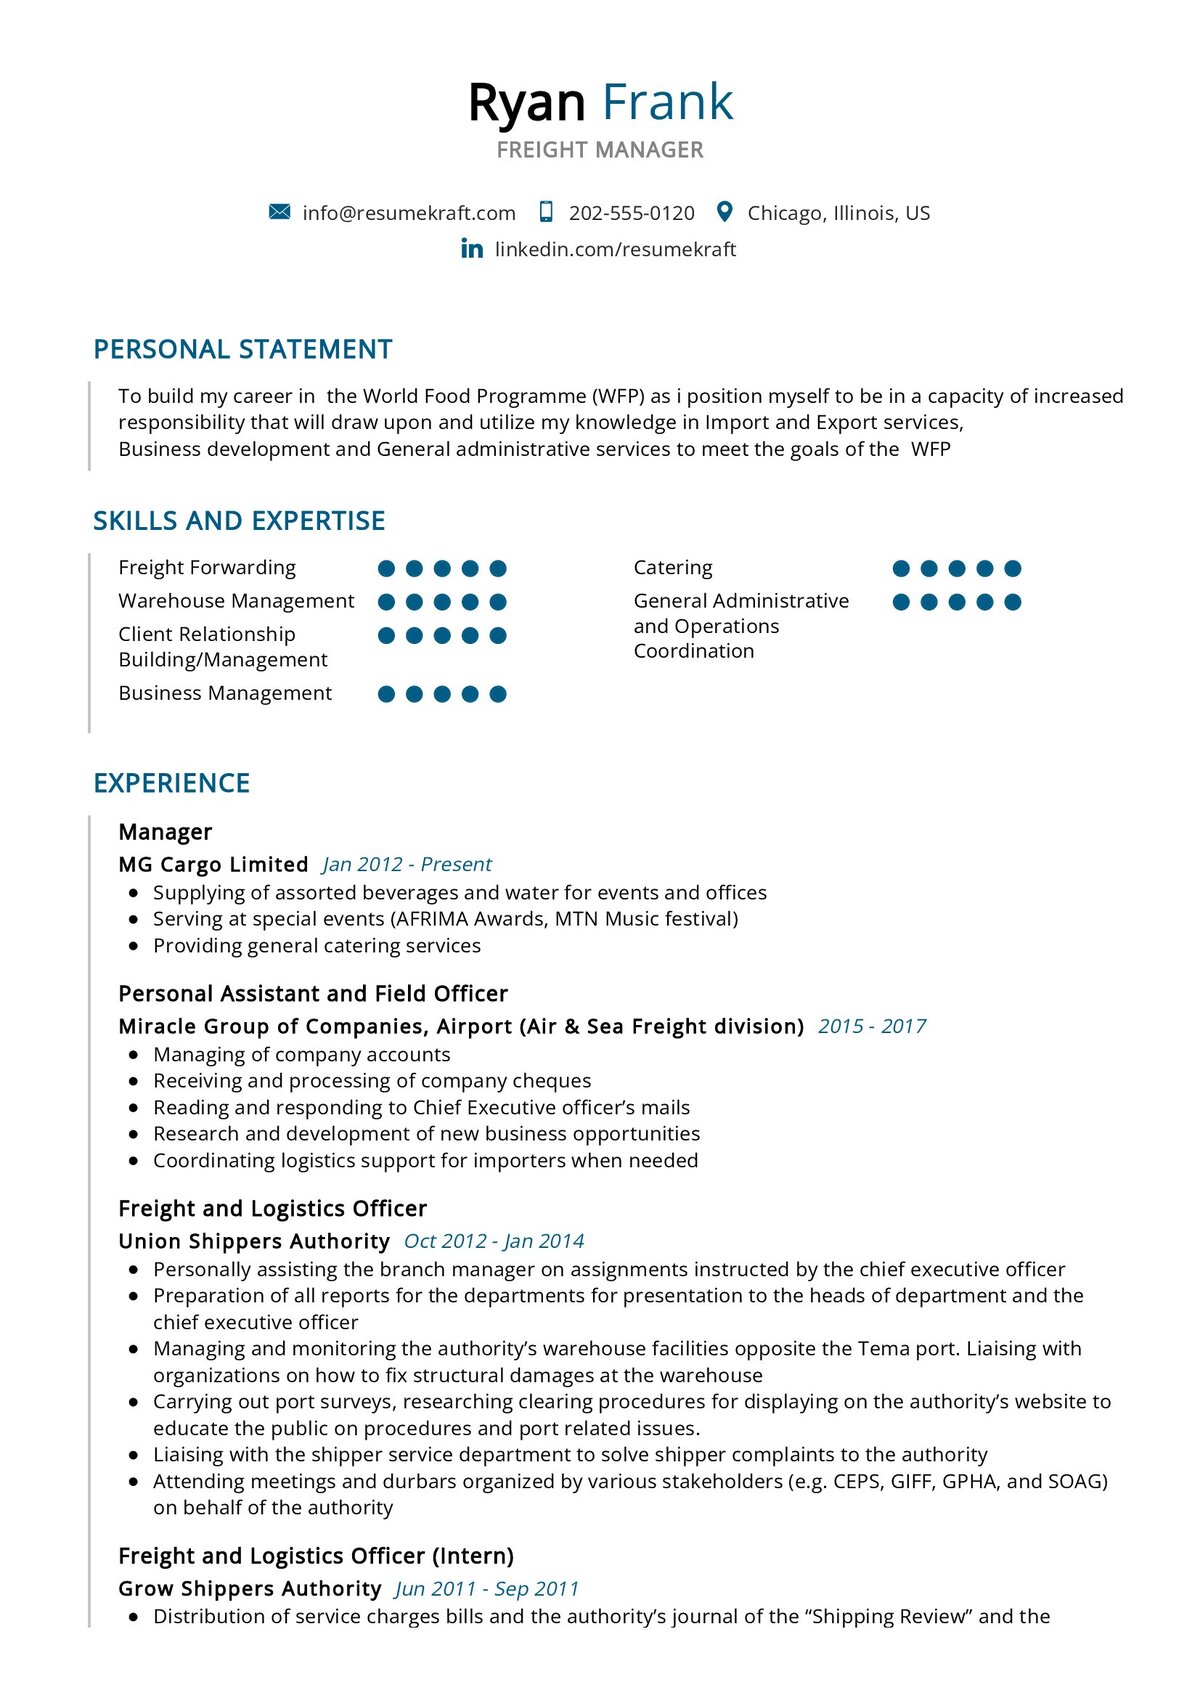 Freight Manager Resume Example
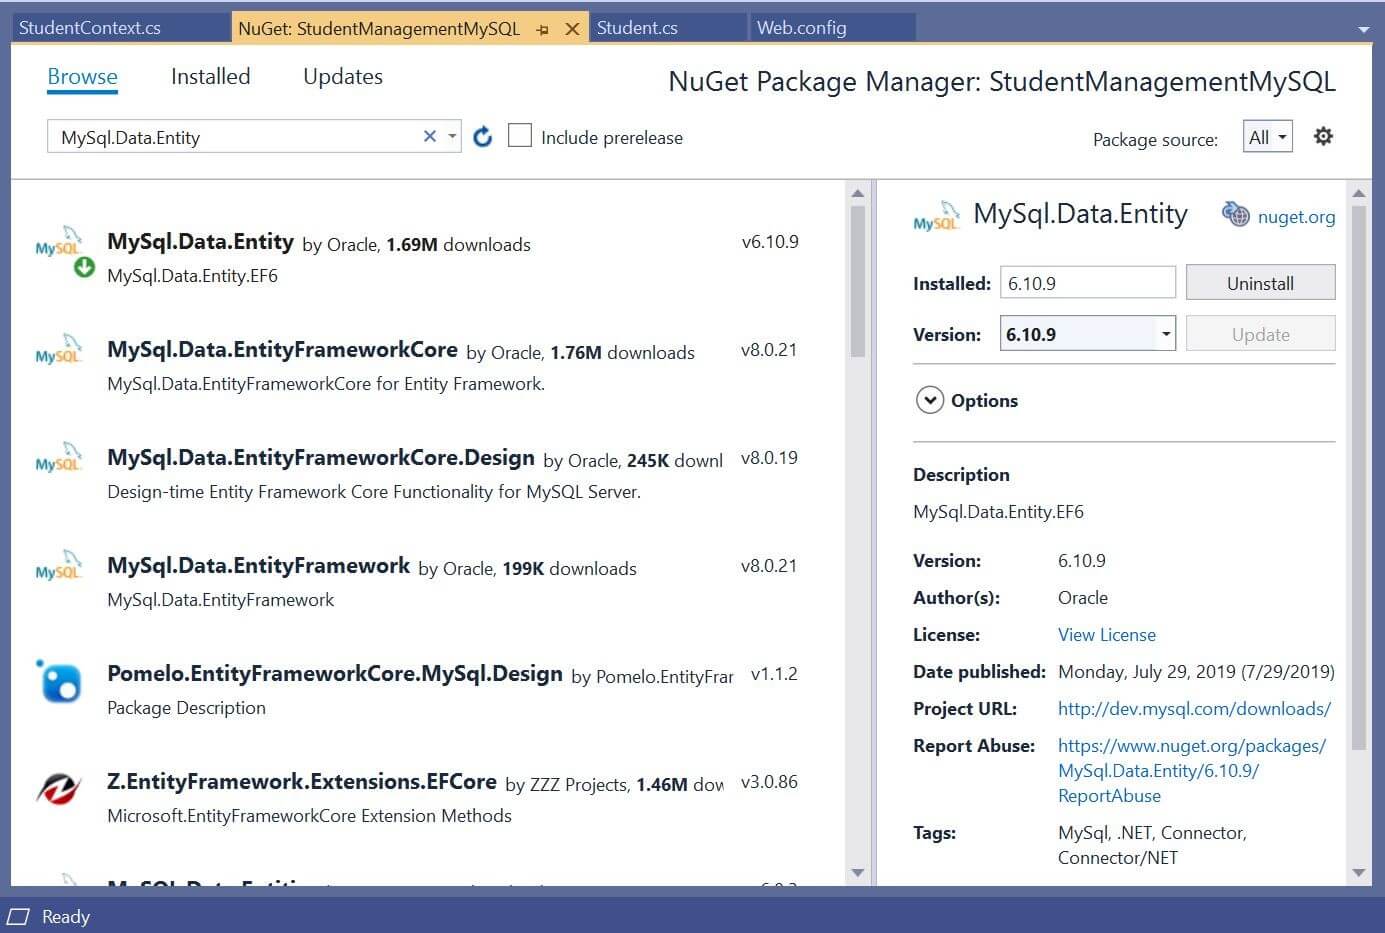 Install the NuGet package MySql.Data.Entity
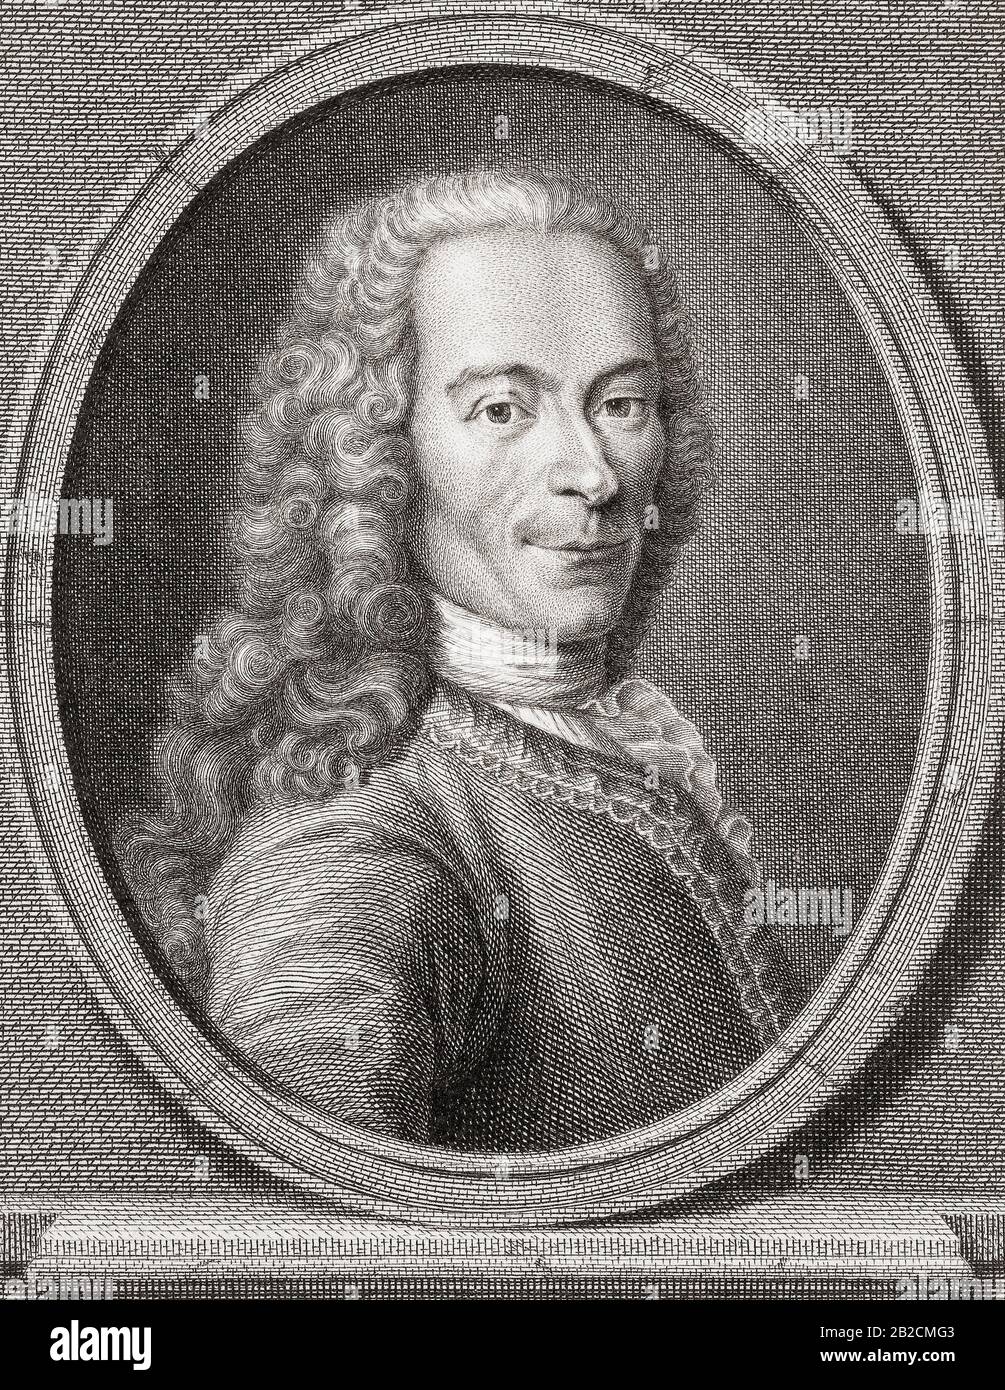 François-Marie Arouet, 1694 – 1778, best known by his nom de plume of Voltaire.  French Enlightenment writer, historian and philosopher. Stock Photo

--------------------

▸ **WHAT TO PRODUCE**:
Everything in the material must be duplicated exactly, except the pictures.

▸ **ANSWER BELOW**:
 Freight Manager Resume Example
 Install the NuGet package MySql.Data.Entity
 François-Marie Arouet, 1694 – 1778, best known by his nom de plume of Voltaire.  French Enlightenment writer, historian and philosopher. Stock Photo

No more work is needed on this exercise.